The questions really tested if you understood what was going on by throwing the student a curve ball. The actual software itself could do with some tweaks. It was generally OK with questions that needed numeric answers, but some questions required long equations to be typed in and you needed to know how to format the equations to get the right answer. Sometimes this could be frustrating.

The homework was self-marking. Once you entered your answer to a question and pressed the mark button either a green tick or a red cross appeared, providing instant feedback. Now here is the trick - you could submit as many attempts as you liked to keep trying for a green tick.

At this point you are probably thinking that this makes things easy, but no. You can't just guess. You have to work it out. Electronics is a subject where guessing isn't generally an option and so the absence of a green tick can  indicate a wide variety of things: you have the wrong theory; you are applying the wrong formula; you have the arithmetic wrong; or even you have the sign (+ or -) wrong.

The instant feedback proved to be addictive as students worked ridiculously hard to turn a red cross into a green tick and on they way learned huge amounts of stuff. They learned not only the theory behind the techniques, but  clever and wiley ways of applying it.

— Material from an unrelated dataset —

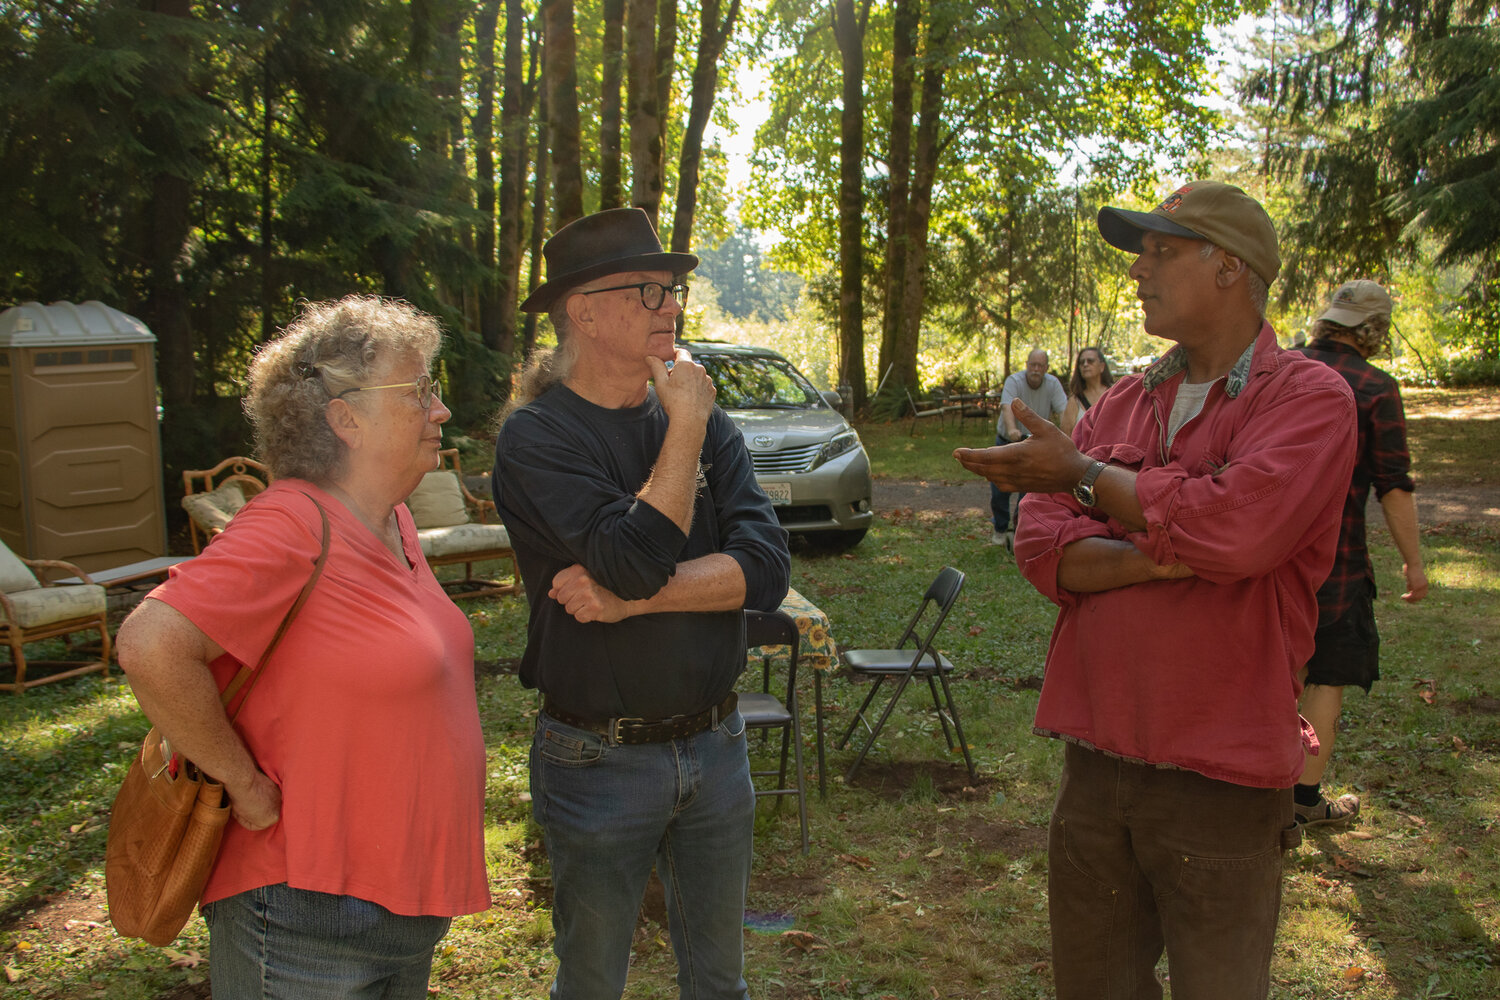 Harry Bhagwandin, left, talks to visitors on Sunday, Oct. 8, at Shady Grove Orchards, a farm he owns dedicated to growing nut-producing trees.

Having discovered how challenging the homework was I was somewhat apprehensive at the prospect of the mid-term. Would it be at the same level?

The exam was available over a period or about four days but once you made a start on it you had to complete it within 24 hours, though the expectation was that it would take "a couple" of hours to finish and there was to be absolutely no collaboration, whereas for homework students were allowed to seek and provided a certain amount of "general help". Some students were barred for having infringed the honor code, proving that cheating was not tolerated.

The mid-term exam used the same instant feedback approach - only now with a three tries and you are out rule. You could have three attempts to enter the answers to a multi-part question and again you might think that this made the whole thing easy - but no.

The questions were tough and you had to work hard for an answer. If you got one or more red crosses on the first attempt you worked even harder checking before you tried the second and as you can imagine the third attempt wasn't entered lightly.

It was like the best computer game you could play with highs and lows to match. And yes it didn't take much longer than a couple of hours to tackle all five problems.